• EXERCISE: The full listing, exactly as written and with no images, is the expected output.

• PROVIDED DATA:

━━━━━━━━

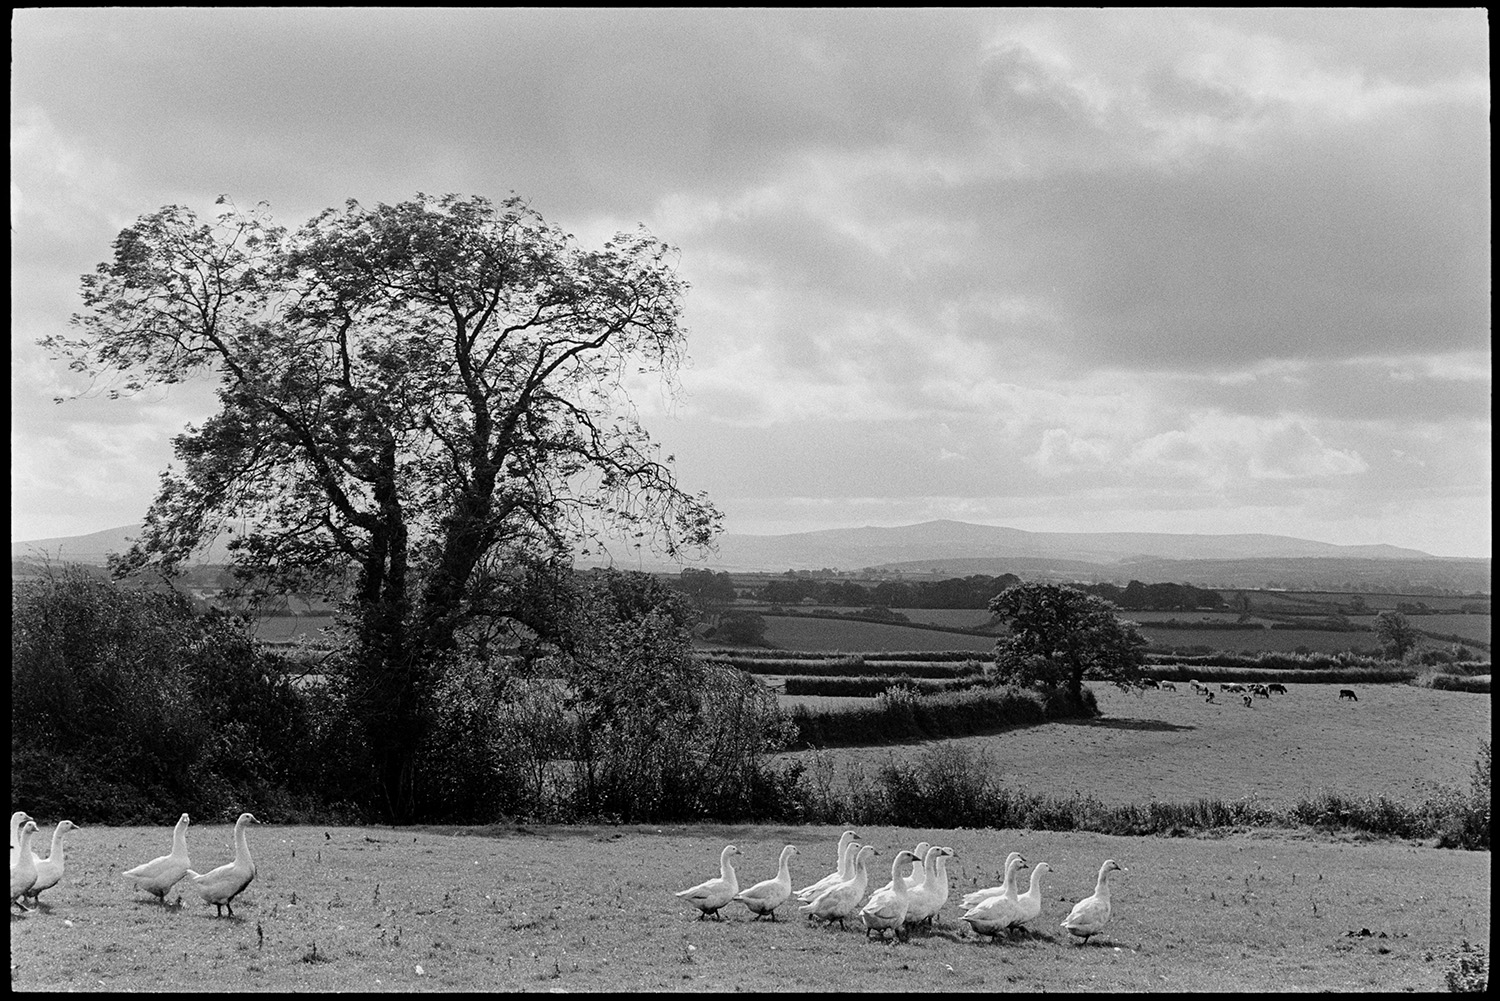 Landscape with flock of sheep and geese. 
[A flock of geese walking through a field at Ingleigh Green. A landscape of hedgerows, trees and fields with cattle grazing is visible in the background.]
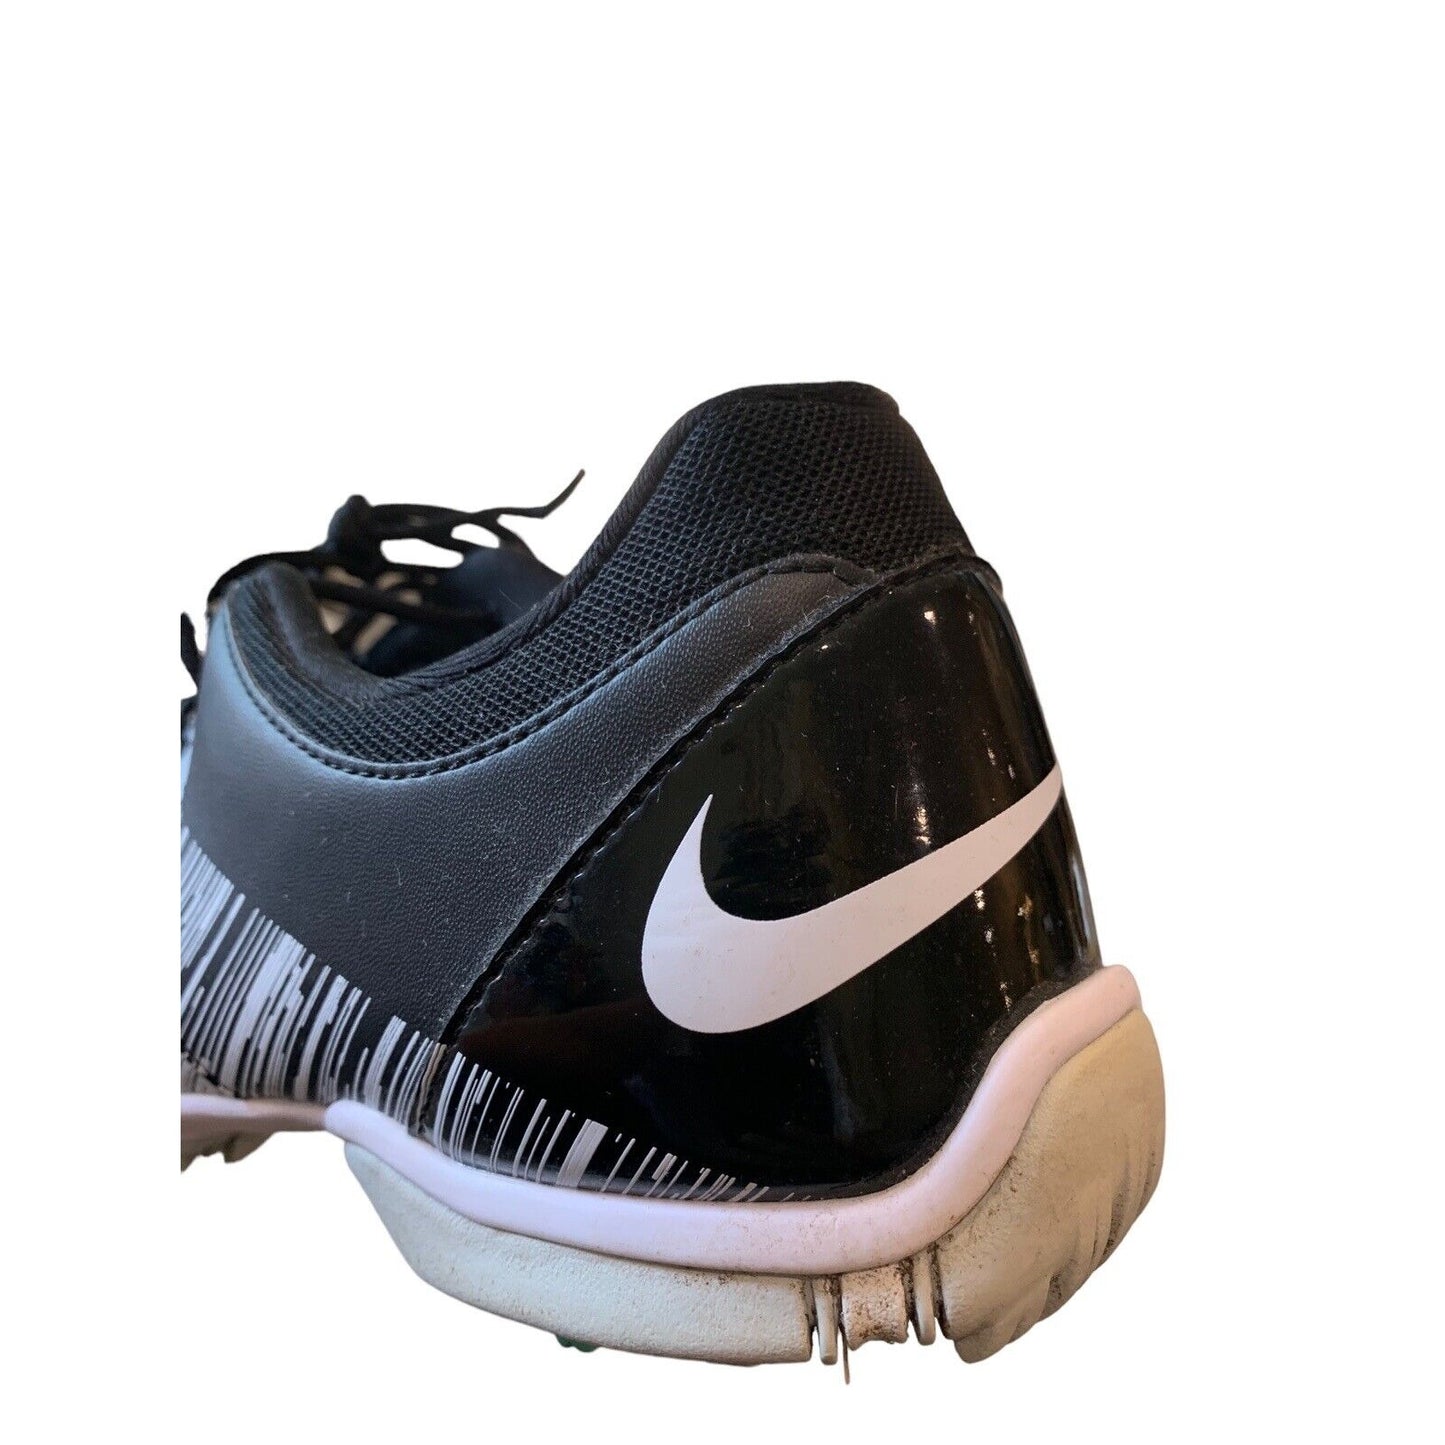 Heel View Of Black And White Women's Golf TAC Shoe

━━━━━━━━

• SOLUTION TO THIS PROBLEM:
 Landscape with flock of sheep and geese. 
[A flock of geese walking through a field at Ingleigh Green. A landscape of hedgerows, trees and fields with cattle grazing is visible in the background.]
 Heel View Of Black And White Women's Golf TAC Shoe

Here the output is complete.